Yea it looks like it tensions by lifting the bobbin/flyer mechanism farther or closer to the drive wheel. Sweet! I can't wait to meet your wheel Callie. Is that your spinning on the wheel or is that you 9' of yarn you were playing with? If it is your spinning it looks nice.


----------



## 7thswan

Very nice wheel. I have also never seen a Tensioner(is that a word ?) like that.


----------



## susanne

thank you for pointing it out marchie, now i can see how it works


----------



## Marchwind

Well my Country Craftsman is sort of a knock off of a CPW. I think it is pretty common with DD(double drive band) wheels. The way you tension them is to move the mother of all towards or away from the drive wheel. I loosens or tightens the drive band. This compared to the scotch tension, which puts tension on the bobbin to effect take up. One the scotch tension you an also move the MOA (mother of all) to make the drive band tighter or looser but that isn't a common way to tension the wheel. You don't want the drive band tight but almost loose, just enough tension to make the drive wheel move. I've been spinning long enough that just a light finger placed on the drive band will tell me if it is tight enough.


----------



## Callieslamb

Marchwind said:


> Yea it looks like it tensions by lifting the bobbin/flyer mechanism farther or closer to the drive wheel. Sweet! I can't wait to meet your wheel Callie. Is that your spinning on the wheel or is that you 9' of yarn you were playing with? If it is your spinning it looks nice.


The white is what Beth spun while working with my wheel....if I could spin like THAT, I wouldn't be asking so many questions! I attached some pink yarn to the end of what Beth spun to practice letting the yarn take up on to the bobbin. I think that's what I was practicing. I haven't put any roving/rolags to the wheel yet - which is it? I tried to act like I was drafting - let the yarn twist and then let it take up. I never did get the part where I was suppose to stop the wheel like Beth suggested. When I stopped treadling - the wheel stopped to so - no take up. I hope to try the whole thing tonight with fiber! 

You all are talking Greek about my wheel! LOL!!! I thought it was a scotch tensioner. Yes, it raises the MOA up and down- or closer and further. I don't see how it slows or hastens anything like I thought a tensioner did.....but I am not really sure how a wheel works and I think that's the basis of my confusion. If I could get it to work, DH could probably look at it and tell me what is happening. 
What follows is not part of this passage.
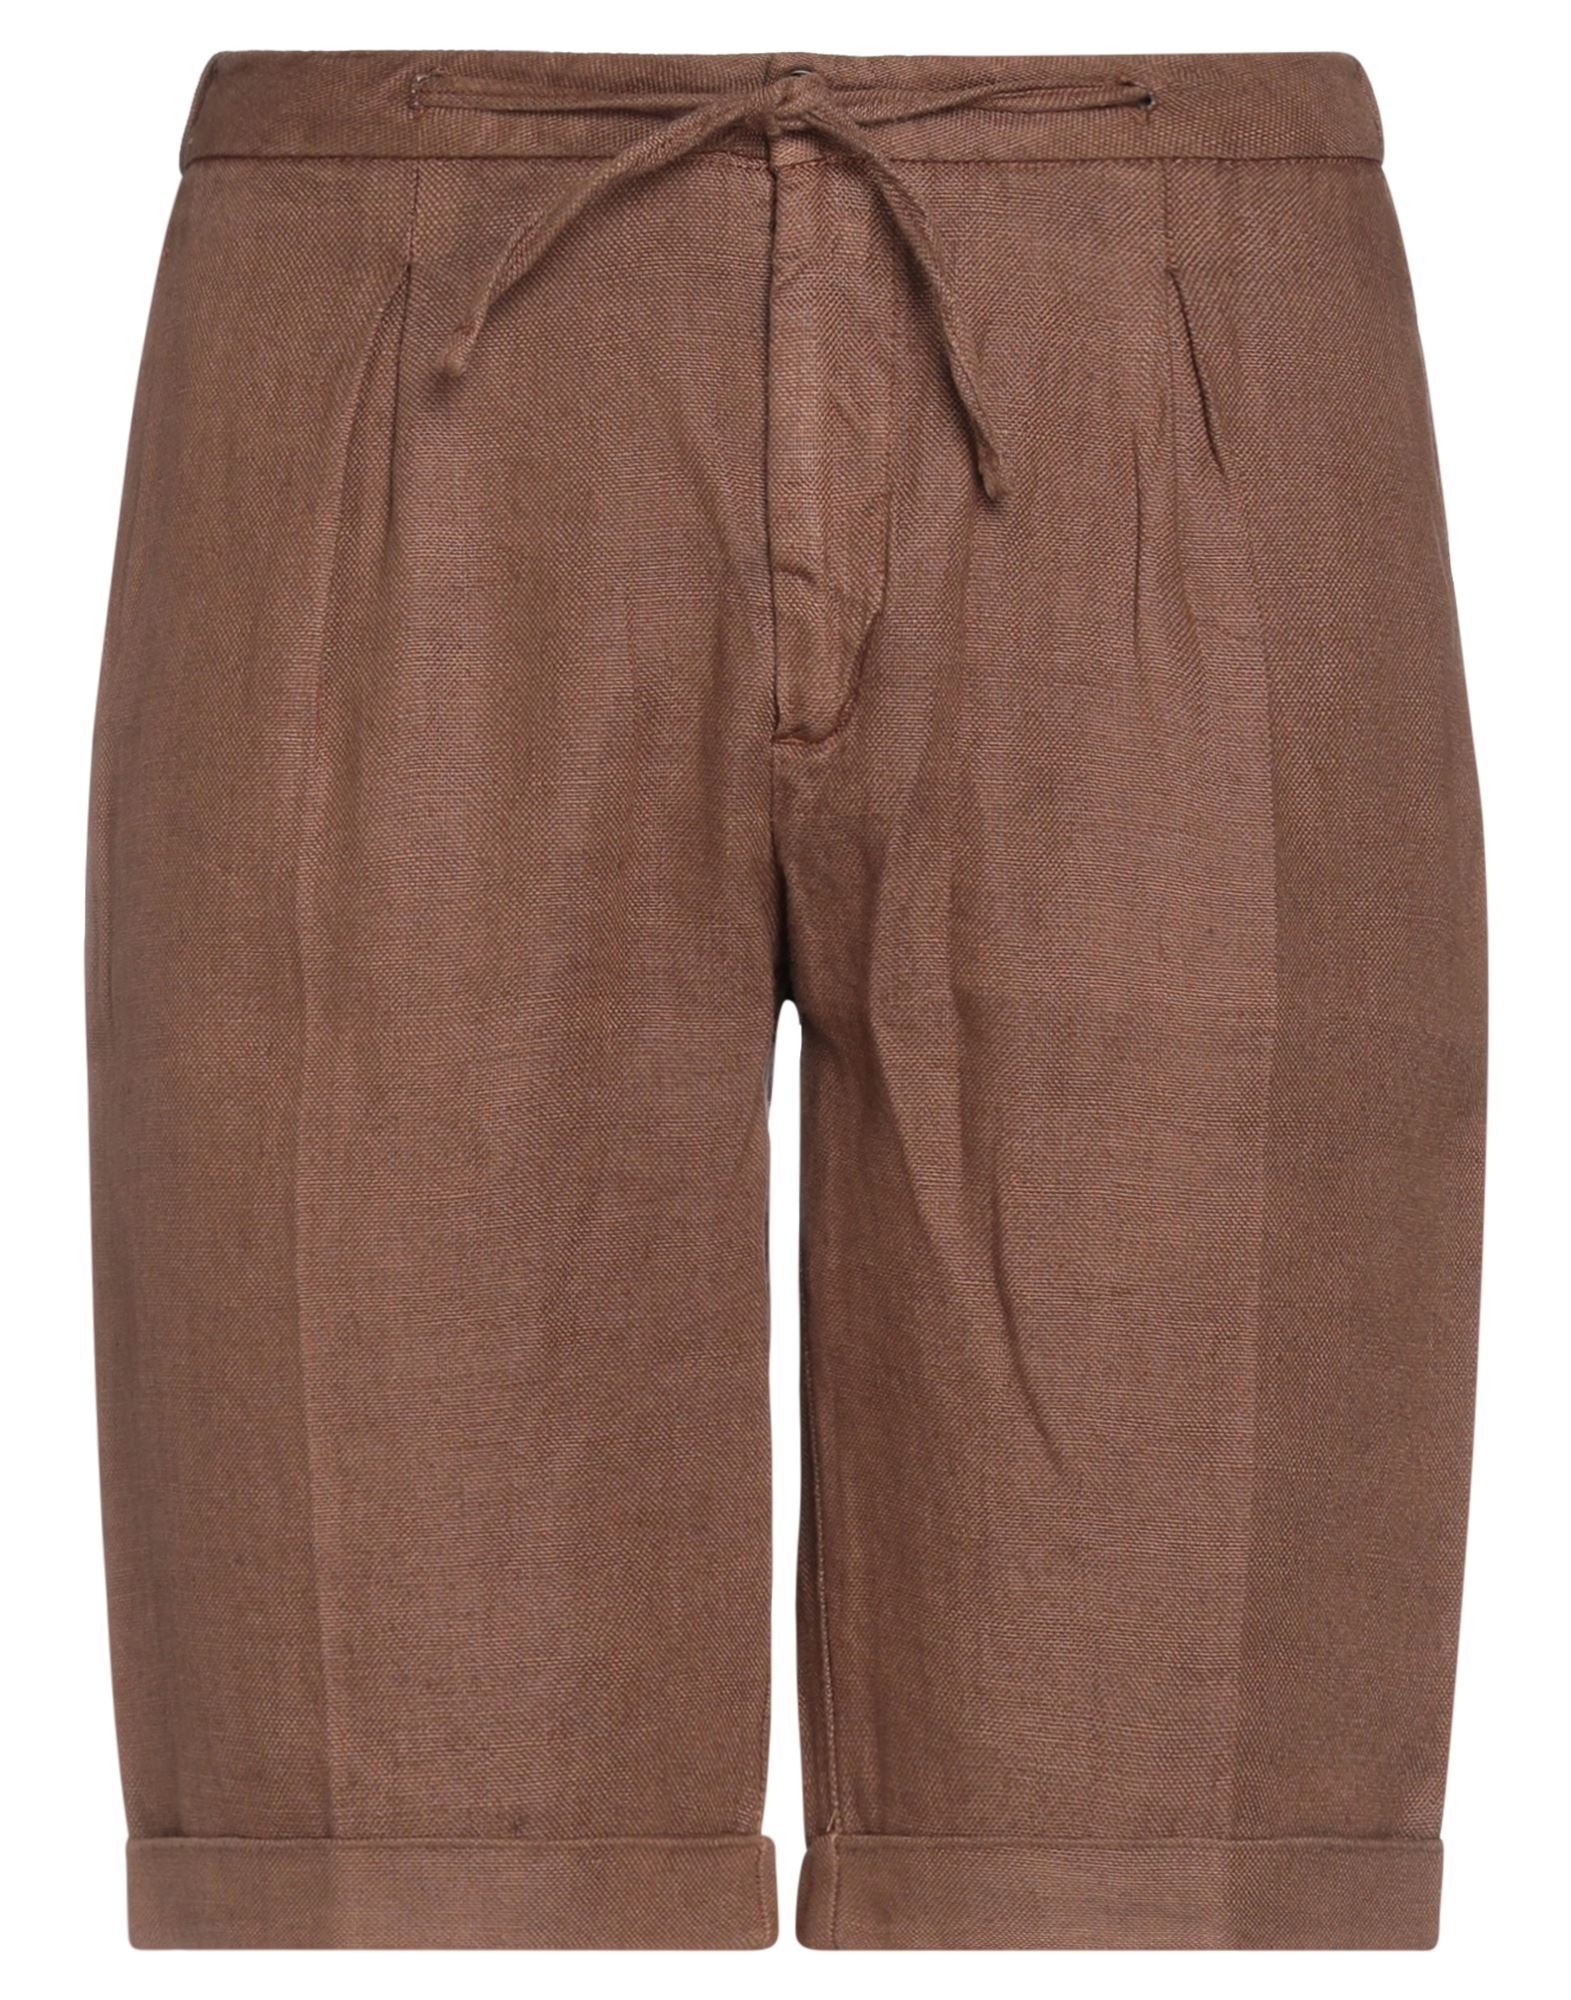 Bulgarini Man Shorts & Bermuda Shorts Brown Size 38 Linen

Susanne- I found pectin here, but I will come see you when I get back from vacation. We are going to see our daughters in Idaho and Utah - son in Texas and bring my mom in Mo home with us. After that, I have to run to Ohio to get a ram then, go to summer camp with the girls at church. Then my sister is coming to get my mom.........Want me to pick you some pie cherries and bring them? My town is the cherry pie capitol of Michigan. I could freeze or can them for you.

A Wisconsin HT-er is coming tomorrow to pick up lambs. Her sister is going to put me through the basics of what the wheel is doing, what I need to do, etc. Gotta get this house clean!!!!


----------



## susanne

callie here is a little refresher 
what beth was doing was kinda draft,twist and park.
you treadle a bit to put twist in the part you drafted, then treadle a bit to get the twisted part take up from the wheel, stop and draft a bit and let the twist travel up, treadle again to get the twisted part on the bobbin. 
i hope this was not too confusing?


----------



## susanne

Callieslamb said:


> Susanne- I found pectin here, but I will come see you when I get back from vacation. We are going to see our daughters in Idaho and Utah - son in Texas and bring my mom in Mo home with us. After that, I have to run to Ohio to get a ram then, go to summer camp with the girls at church. Then my sister is coming to get my mom.........Want me to pick you some pie cherries and bring them? My town is the cherry pie capitol of Michigan. I could freeze or can them for you.


boy are you a busy bee 
i think i would love to get some cherries


----------